Silent film actor Jack Mulhall turns in a good performance as Dixie's playwright boyfriend, combining the right touches of sympathy and earnestness. And John Miljan seems to have fun with his part as the slimy director, delivering his performance in a slightly over-the-top manner and relishing the sleazy qualities of his character. Silent comedy veteran Ford Sterling provides some good comic relief in the sympathetic role of studio chief Otis, proving that he was quite adept at handling dialogue, and is even allowed a few cutaway reaction shots that contain a much more toned-down version of his frantic mugging from the Keystone days. Cameo appearances include Al Jolson and Ruby Keeler, Loretta Young, Noah Beery, and Noah Beery Jr. (plus an early appearance by Walter Pidgeon as the emcee at the film premiere).

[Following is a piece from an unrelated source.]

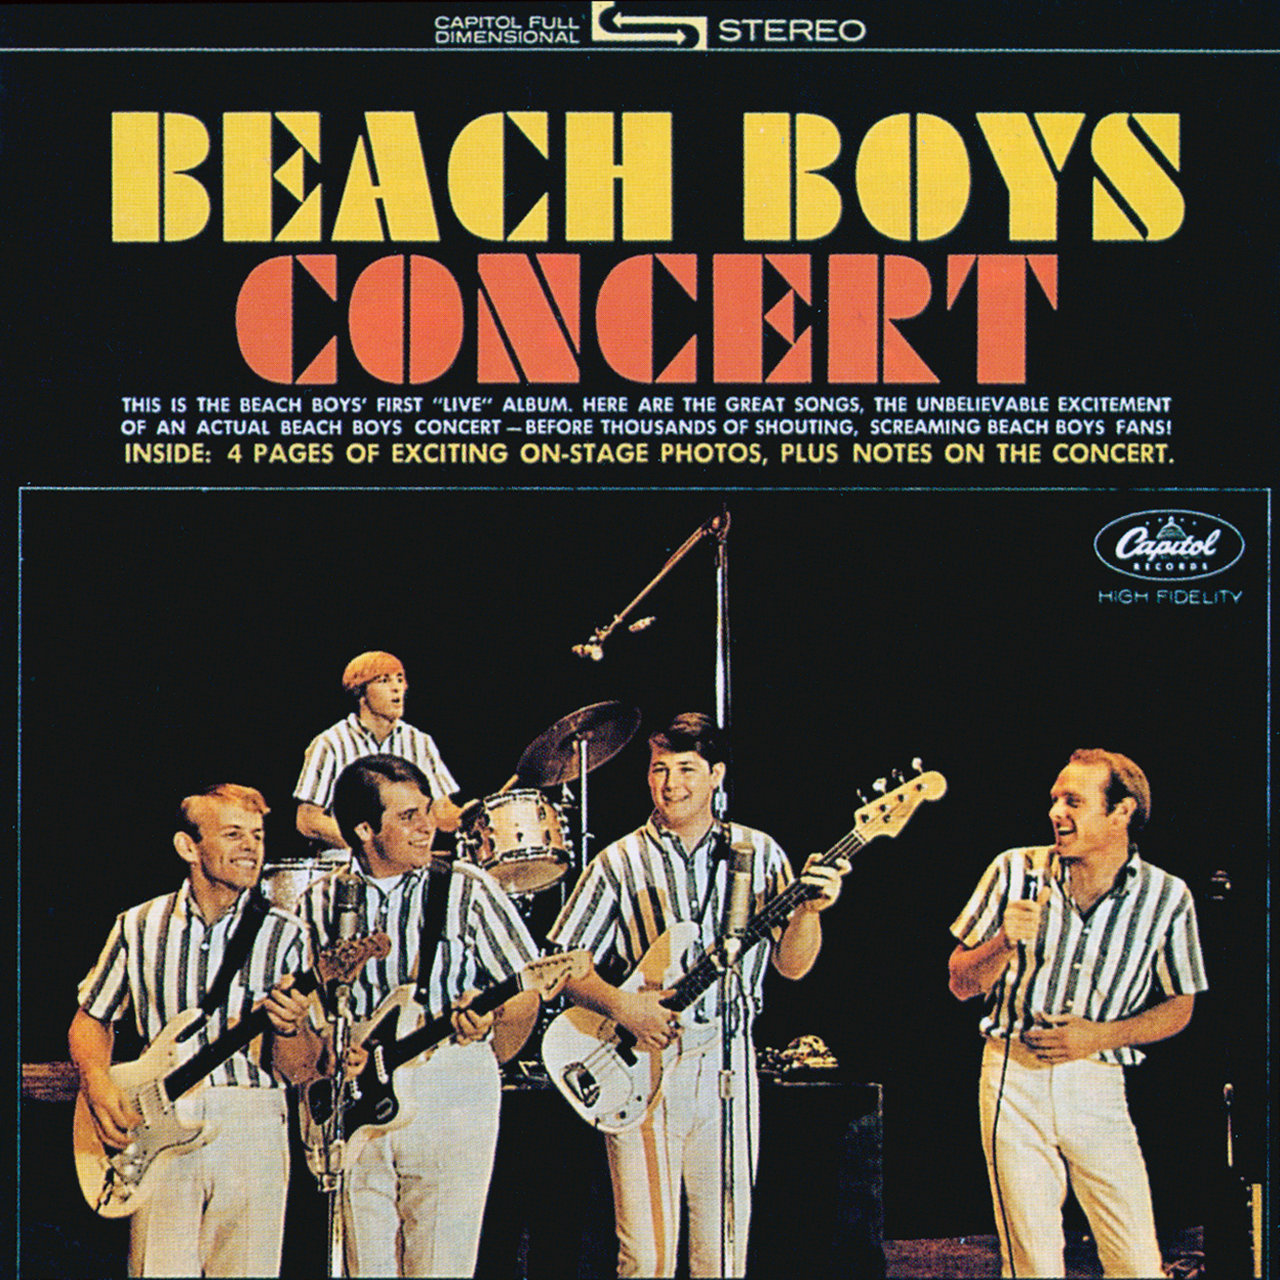 The Beach Boys - Beach Boys Concert (Live - Stereo) [1964]
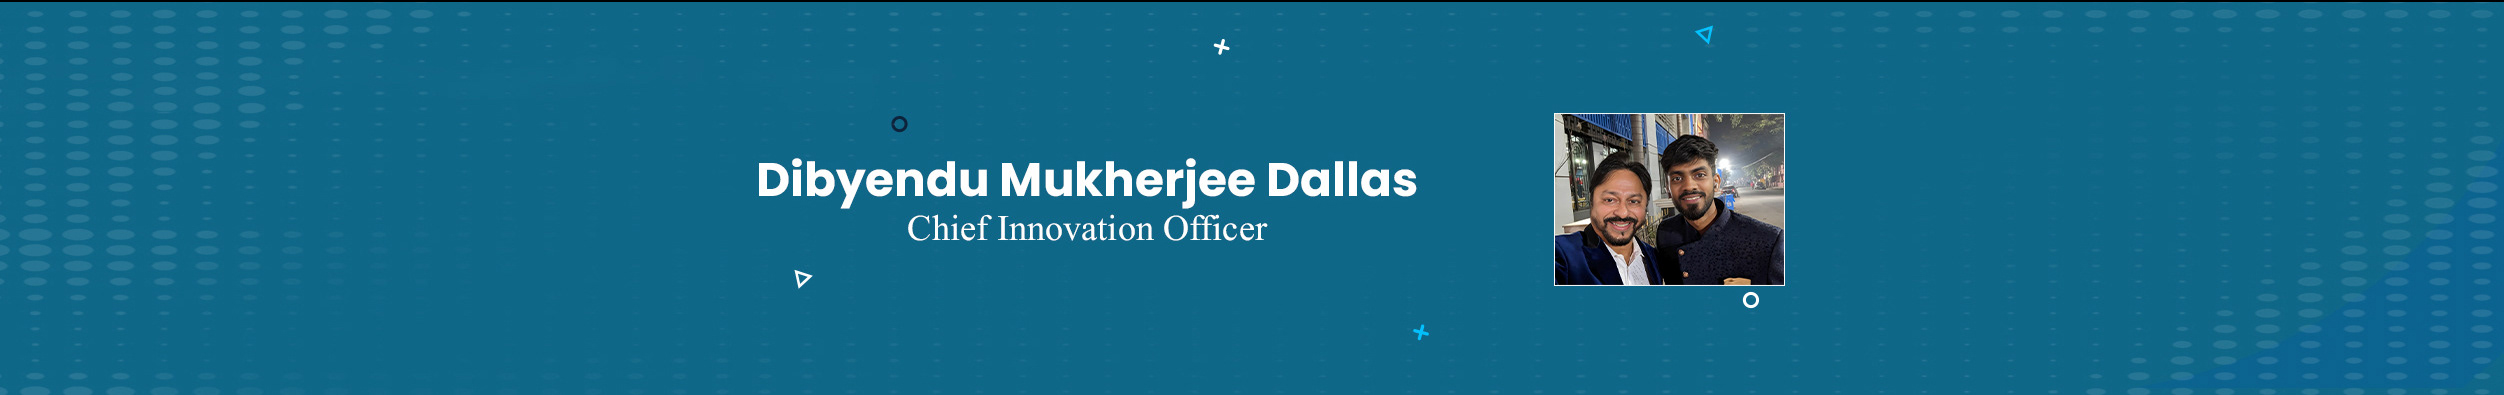 Dibyendu Mukherjee Dallas's profile banner

The real stand-out , however, is Blanche Sweet, whose performance of the strong, proud and yet ultimately fragile former star is incredibly moving, especially considering that Sweet was herself already an industry veteran of more than 15 years by the time this film was made. She even sings a song, "There's a Tear for Every Smile in Hollywood", which is about the incredible odds and high price to pay for becoming a star, but also brings to mind all the former stars who had since burnt out among changing fads, fashions, and technology. It's hard not to watch Sweet sing this song without feeling the melancholy in her voice.
SHOW GIRL IN HOLLYWOOD is an interesting time capsule of Hollywood at that transitional moment when the medium had to re-invent itself and new stars like Dixie Dugan were born, paying the same price as Donny Harris had years earlier.